Standard deviation and standard error are both graphed in the same manner. When graphed, your data will basically look like an “I” on top of the data point.

A standard deviation of 0.5 would be graphed by going up 0.5 units above the mean and down 0.5 units below the mean. The variation plotted in this manner is often referred to as “error bars.”

Figure E-2. Data point showing the associated error bars.

The real benefit of using either standard deviation or standard error is you can tell if data sets truly represent different responses to the treatment or if they just represent random variation.

  • If ± 1 standard deviation or standard error is plotted on both data sets and these error bars overlap, then these data sets are not “truly” statistically different. In other words, any difference that was observed could be due to random chance.
  • If ± 1 standard deviation or standard error is plotted on both data sets and the error bars do not overlap, then you can be reasonably confident that these data sets are different.
  • If ± 2 standard deviation or standard error are plotted on both data sets and the error bars still do not overlap, then you can be very confident that these data sets are different.

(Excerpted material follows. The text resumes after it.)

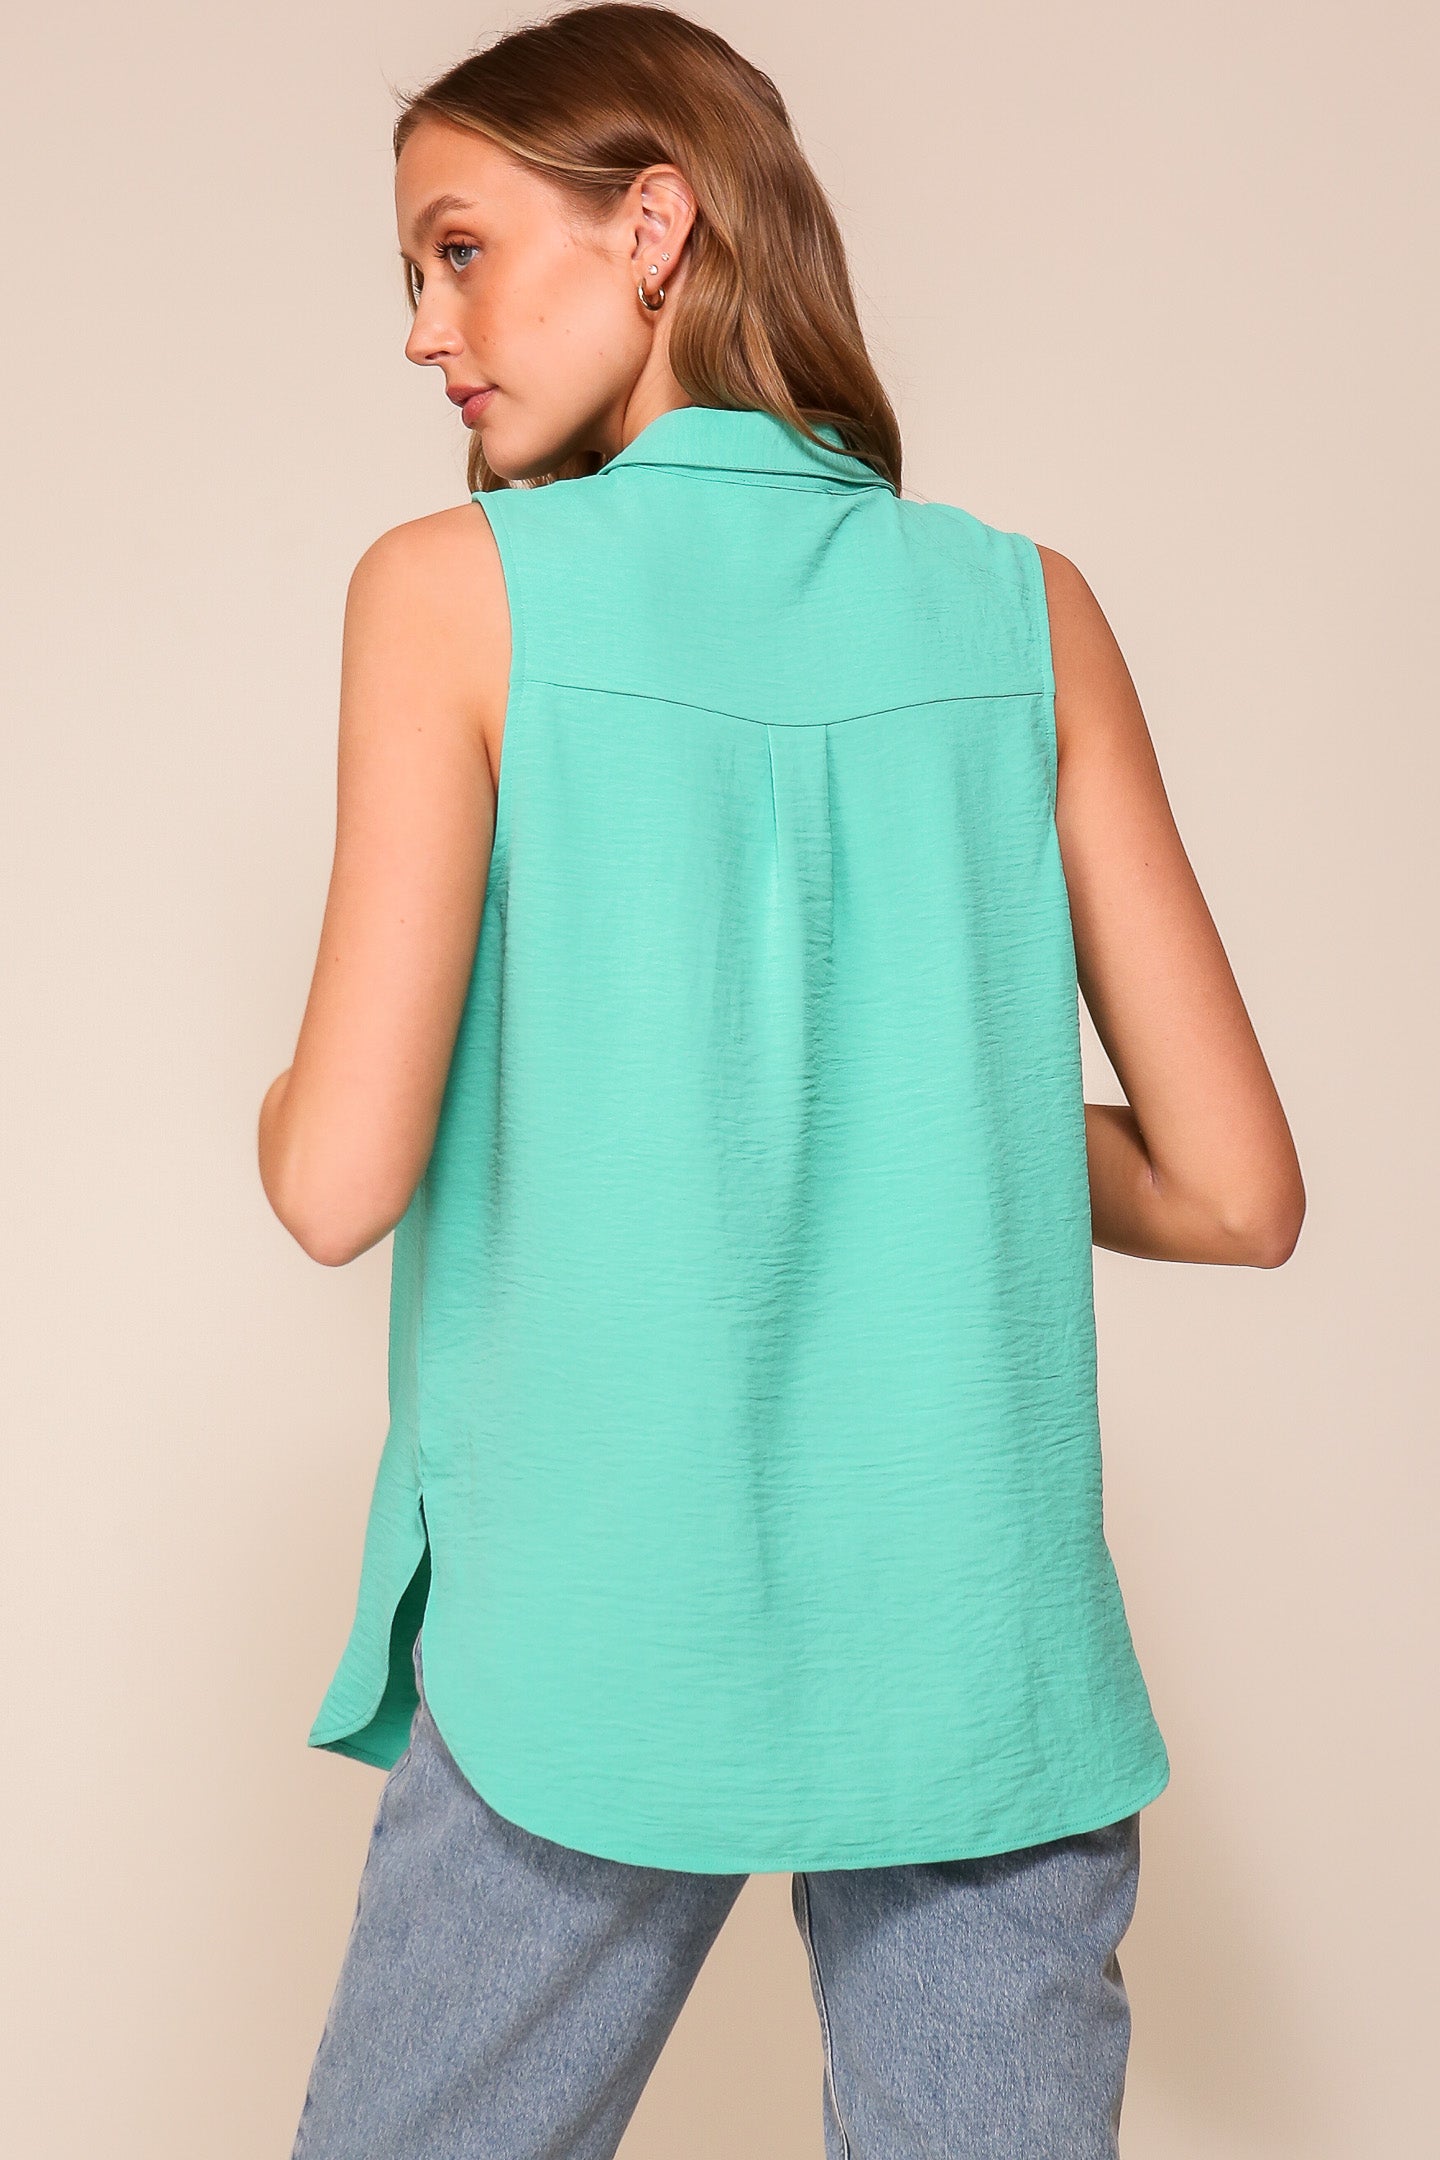 Back view of Timing (WN9713) women's Sleeveless Collared V-Neck Top with Chest Pocket and Flared Silhouette in Jade Green

Smaller error bars represent greater precision in the data but not necessarily greater accuracy in the measurements.

The comparison of error bar method described above is a crude visual test. This sort of visual comparison in determining if groups of data are “significantly” different is possible with standard error.

The rules change slightly for standard deviation because the impact of sample size is not accounted for with standard deviation. A visual comparison of means does not take the place of a statistical test. However, this quick method can be used to avoid using a set of complex statistical tests, which are actually the more valid method of comparing means. Basically what is being done is determining if the variation of the data of individual treatment overlaps to conclude if data sets are truly different (that is, significantly different). As an example, consider the graph shown below using means ± standard error.

Figure E-3. Rate of tree growth in height for multiple species of trees grown in an open field in Baton Rouge, LA, between 1988 and 1999. The values represent mean ± std error from ten replicates for each species.

Notice that in a comparison of oak and maple that even though the mean growth rates are relatively close, the growth rates would be considered “significantly” different because even if you doubled the standard error values the bars would not overlap. In contrast, a comparison of birch and maple shows that even though the mean growth rate of the birch and maple is much further apart, the overall growth rate may not really be that different because of the variation in the growth of the birch. The confidence that these data sets are really different is not considered very strong. Lastly, in a comparison of birch and cypress there is really no difference in growth because of the overlap of standard error bars.

If the null hypothesis for this experiment was that all tree species will grow at the same rate and the alternative hypothesis was that tree species grow at different rates, then the data above would allow you to reject the null hypothesis and would therefore support the alternative hypothesis. Keep in mind that this does not prove the alternative hypothesis is correct, but that the alternative hypothesis is consistent with the data (i.e., it could be correct).